The rough-rating scales and open decision-making processes within the Culture and Society Division and the Environment and Development Division gave ample room for research policy considerations, such as scholarly pluralism and support to innovative projects. In these two divisions, the clearest examples of processes in favour of support to innovative projects were observed: enthusiastic panel members managed to change the panels’ views on projects that first were seen as too risky, peripheral or immature. In one case (in one of the Culture and Society panels), the chair and a new panel member had divergent opinions about an application. On the first day of the meeting, when all applications were graded, the chair said it should have the next best mark, which meant no grant. The new member wanted to give it the best mark, which meant it might get a grant (as it would be included in the ranking process the following day):

Chair: The applicant does not substantiate the reasons for doing what she wants to do, and the reasons are not evident.

New member: I disagree with your reading of the project description. The research of [name of another researcher] seems to show that this is well substantiated. I see this as a springy project [potential for jumping high or long].

The new member was supported by another panel member, and the application ended up with the best mark. In the ranking process the following day, the new member stated what should be the three top-ranked applications from the point of view of ‘springiness’, and managed to get the disputed application placed among the three at the top, and consequently granted (his three proposed top candidates ended up as the three top candidates).

Medicine and Health’s ranking processes, on the other hand – with a larger number of panels members all giving marks to all applications individually, a fine-graded rating scale and decisions based on the average of the individual marks – promoted more thoroughness and predictability. The room for explicit considerations other than quality review was rather modest compared to the other divisions, though larger budgets per panel secured the possibility of funding a broad spectrum of research. The decision-making processes on the two observed medical panels differed: one panel put more weight on average marks, whereas the chair’s discretion was more central in the other panel. In the panel depending most heavily on average marks, it was left to the individual panel member to adjust his/her marks after the panel discussion (and a new average was calculated if someone did). This process was more conservative with regard to letting the discussion influence the outcome than the processes on the other panel. This discussion of an application was typical:

Chair: The average mark is 2.3, the variance is generally low. [Panel member 1] gives it 2.9?

Panel member 1: The applicant has little experience. . . .

Chair: [Lists applicant’s prior merits]. I think this is a fundable project.

Panel member 2: It is somewhat incomplete.

Panel member 3: I don’t think so. . . .

Panel member 2: The design is not stringent, it is somewhat imprecise. . . .

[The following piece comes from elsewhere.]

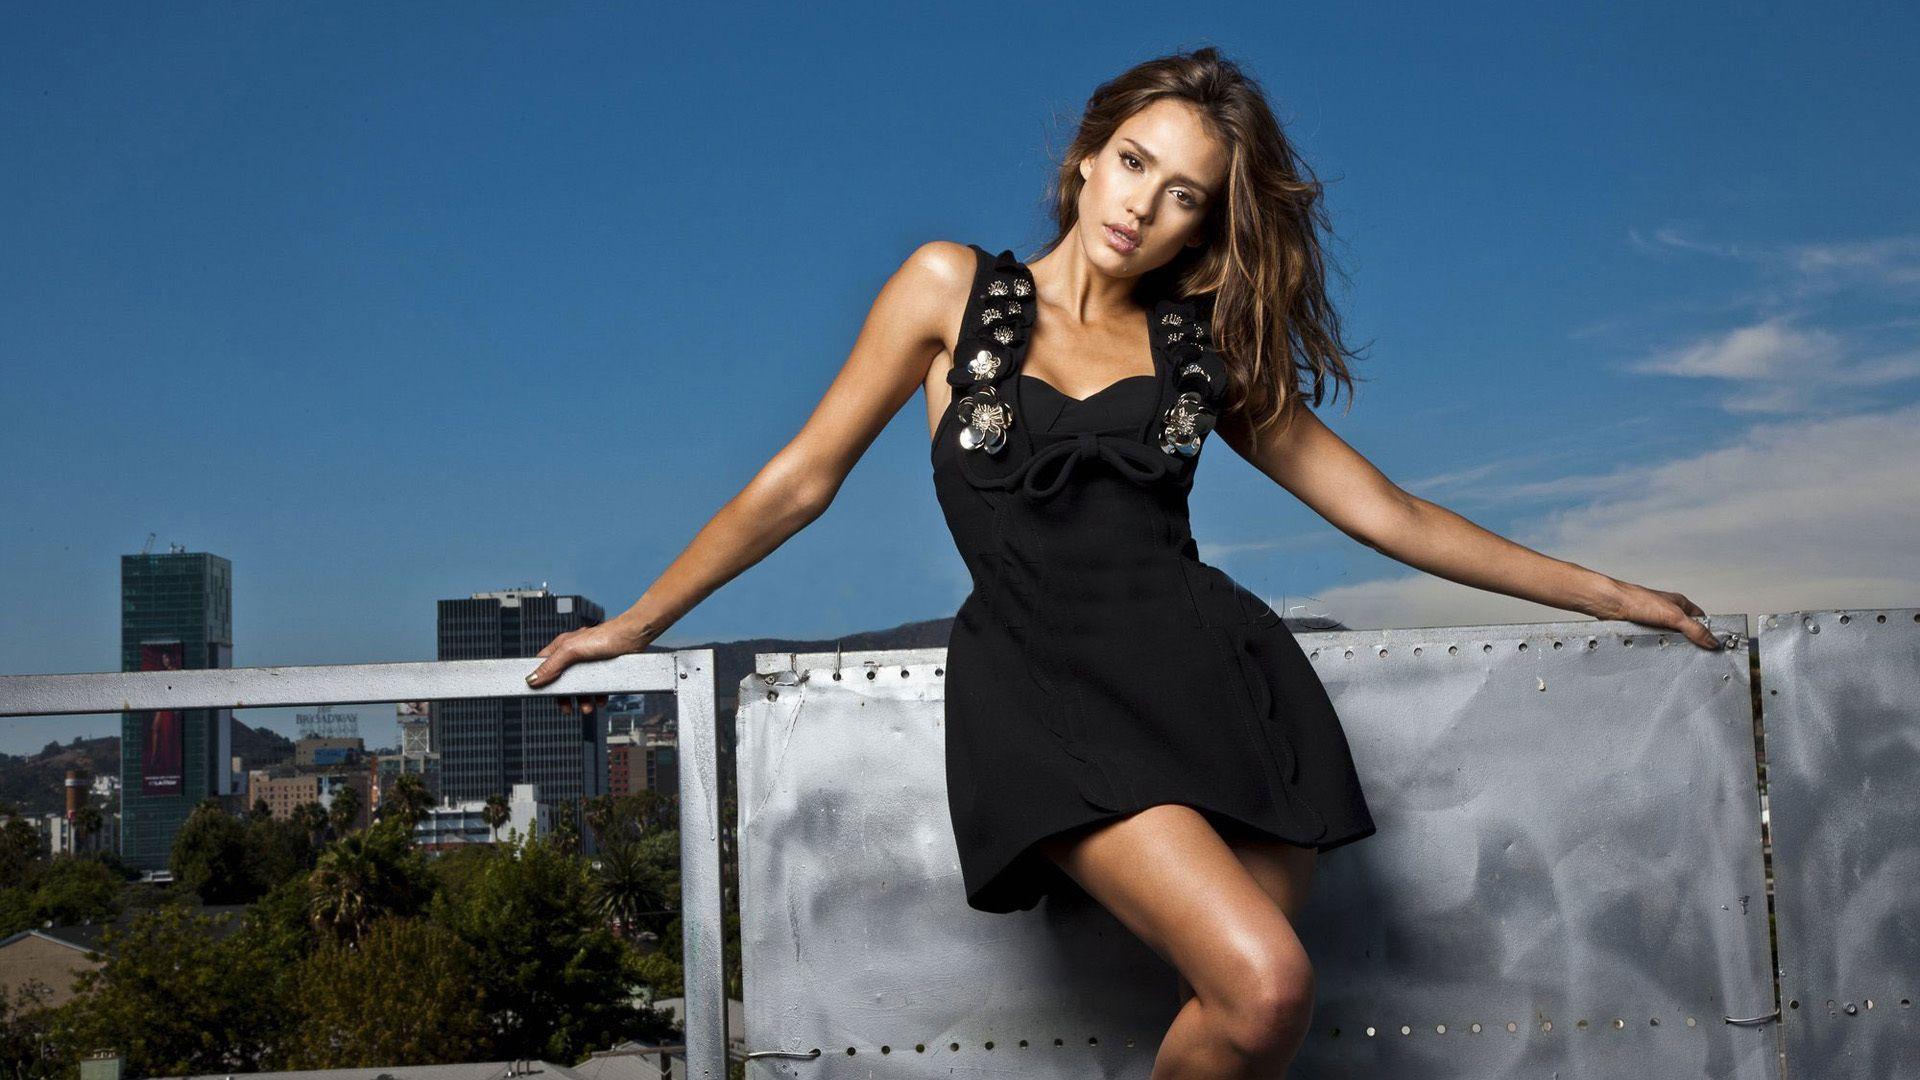 Jessica Alba High Resolution

Panel member 1: Yes, the planning is incomplete.

Chair: . . . No one changes his mark, so 2.3 is upheld.

On the other panel, the chair had the power to adjust marks after panel discussion (though in some cases the chair had to remake his decisions as panel members objected), and he also initiated proposals to move applicants up and down the ‘final’ list, so as more effectively to include various policy objectives. The example below illustrates this rôle of the chair (the first panel member was primarily responsible for the review):

Panel member 1: The applicant is well qualified. The project has some formal shortages, but it is important to establish this kind of project in Norway. I say 2.1.

Panel member 2: I gave 1.9. There are some clear frustrations in the application about the conditions for doing research. They have got unique competence and from a strategic point of view this has top priority. It is a challenging project. . . The ambitions may be too high.

Chair: The applicant is perfectionist and might manage. Do we say 2.1? The average was 2.2.

Panel member 3: At the minimum.

Chair: Then we say 2.0.

The processes in this panel gave considerably more leeway for policy and distributional concerns than those of the former panel, which relied more on the average marks. In the former panel, the initial average mark was changed for 34% of the applications, whereas in the panel where the chair used his discretion to adjust marks, the initial average mark was changed for 48% of the applications.

In the Science and Technology Division there were only two reviewers per proposal, and no panel involved in the comparisons and ranking of the proposals.Footnote 15 In general, the RCN-staff that ranked the proposals seemed more concerned about getting the ranking ‘right’ with regard to the scientific merit of the application, than the panels were (see, for example, the panel’s concern with gender priorities in mathematics, discussed above). When more applications had the same average mark, the staff looked to the content of the reviews and the graduation marks of research recruits, whereas review panels were more concerned about distributional policy.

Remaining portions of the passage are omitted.